Getting Started with E3SM
This page provides a guide to setting up E3SM on Keeling.
Downloading the model
Create a E3SM2_1 directory in your home directory
mkdir E3SM2_1/
Next, create a E3SM folder in your /a/ directory. This will store the model outputs and data about the cases that are being run.
cd a
mkdir E3SM
Create a SSH key to your GitHub account to download E3SM
Click here for a guide through the setup process.
Downloading the model
First, make sure to navigate to your E3SM folder from your home directory.
cd ~/E3SM2_1/
Use the following command to begin installing the required model files into this directory.
git clone -b maint-2.1 --recursive https://github.com/E3SM-Project/E3SM.git
It is not unusual for the model to take a long time to download at first, since the model consists of several very large files.
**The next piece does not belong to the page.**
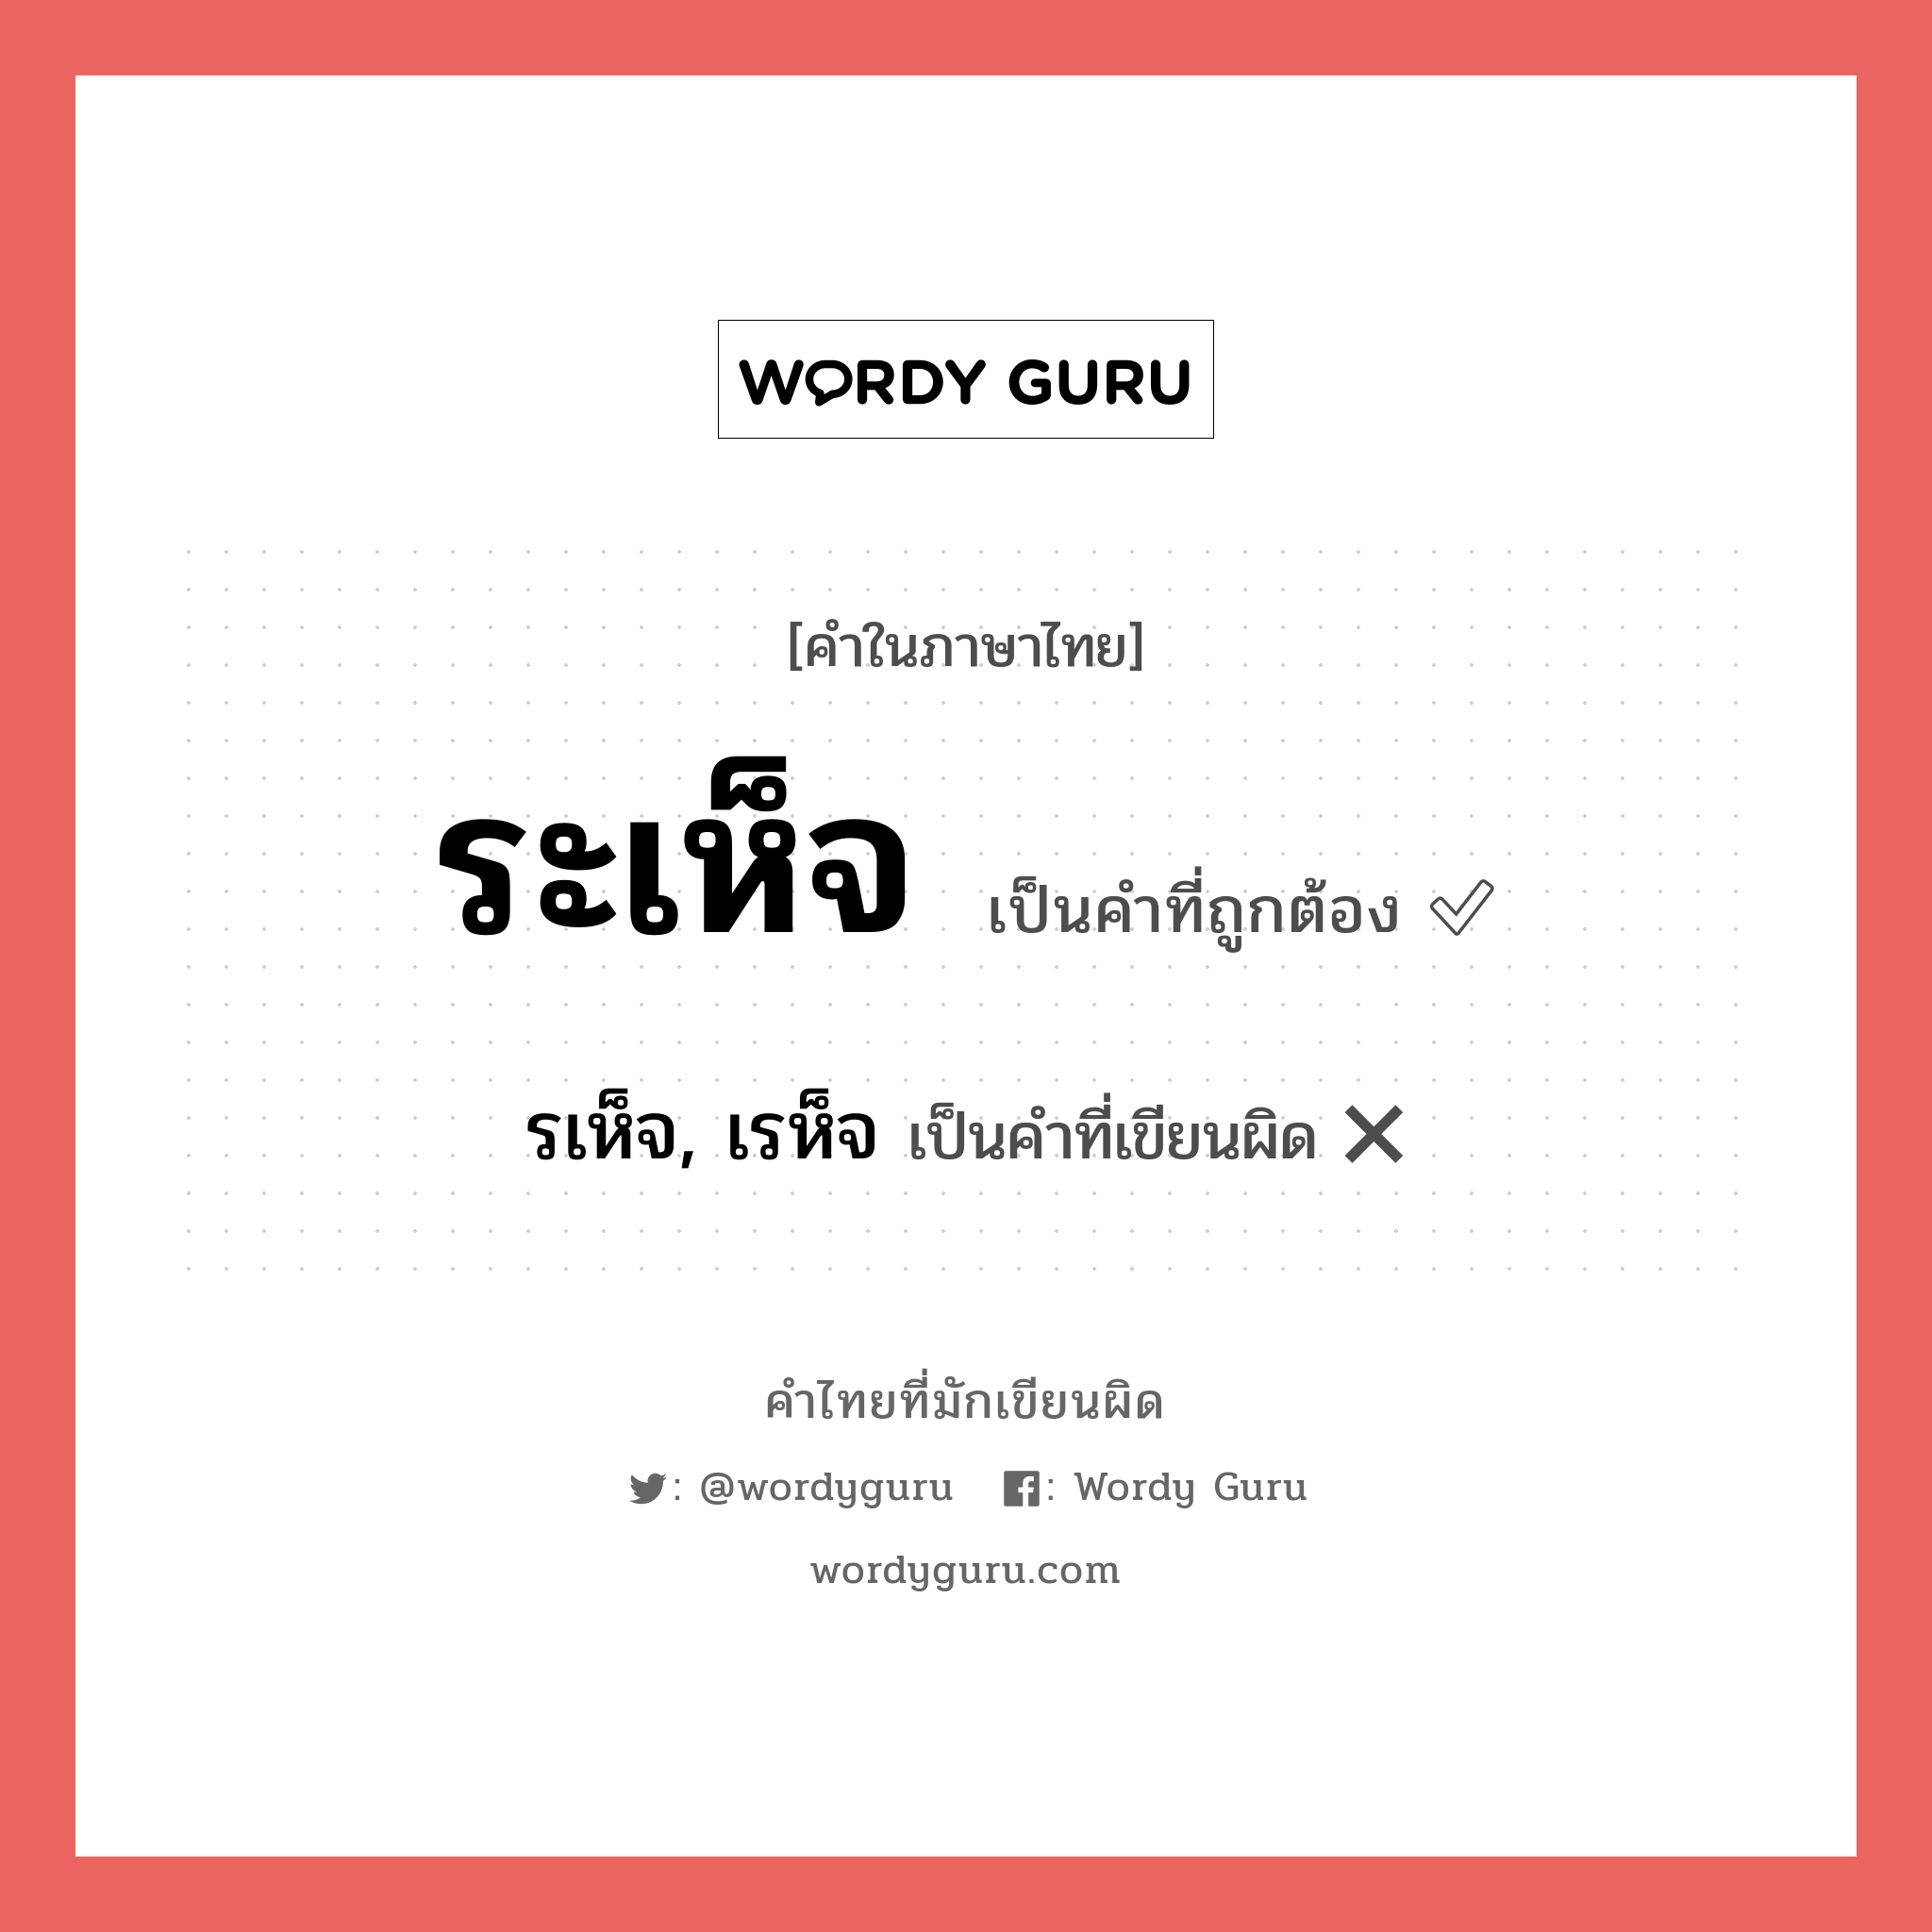 ระเห็จ หรือ รเห็จ, เรห็จ คำไหนเขียนถูก?, คำในภาษาไทยที่มักเขียนผิด ระเห็จ คำที่ผิด ❌ รเห็จ, เรห็จ

Checking for a successful download
Navigate to your E3SM directory:
cd E3SM
and list the files using ls.
You should see the following files:
AUTHORS
CONTRIBUTING.md
README.md
cime_config
components
driver-moab
run_e3sm.template.sh
CITATION.cff
LICENSE
cime
codemeta.json
driver-mct
externals
share
Modules
Navigate to your home directory, then edit the file .modules7.
Add the following lines:
module load gnu/gnu-9.3.0
module load gnu/netcdf4-4.7.4-gnu-9.3.0
module load gnu/openmpi-4.1.2-gnu-9.3.0
After saving the file, you will either need to relogin to Keeling, or use the commands
module purge
source .modules7
to load the modules correctly.
Note that these modules can fail CESM builds - you will have to come back and delete those lines if you need to run a CESM model.
Edit XML Scripts for Keeling
Machine Configuration
Navigate to the cime_config/machines folder.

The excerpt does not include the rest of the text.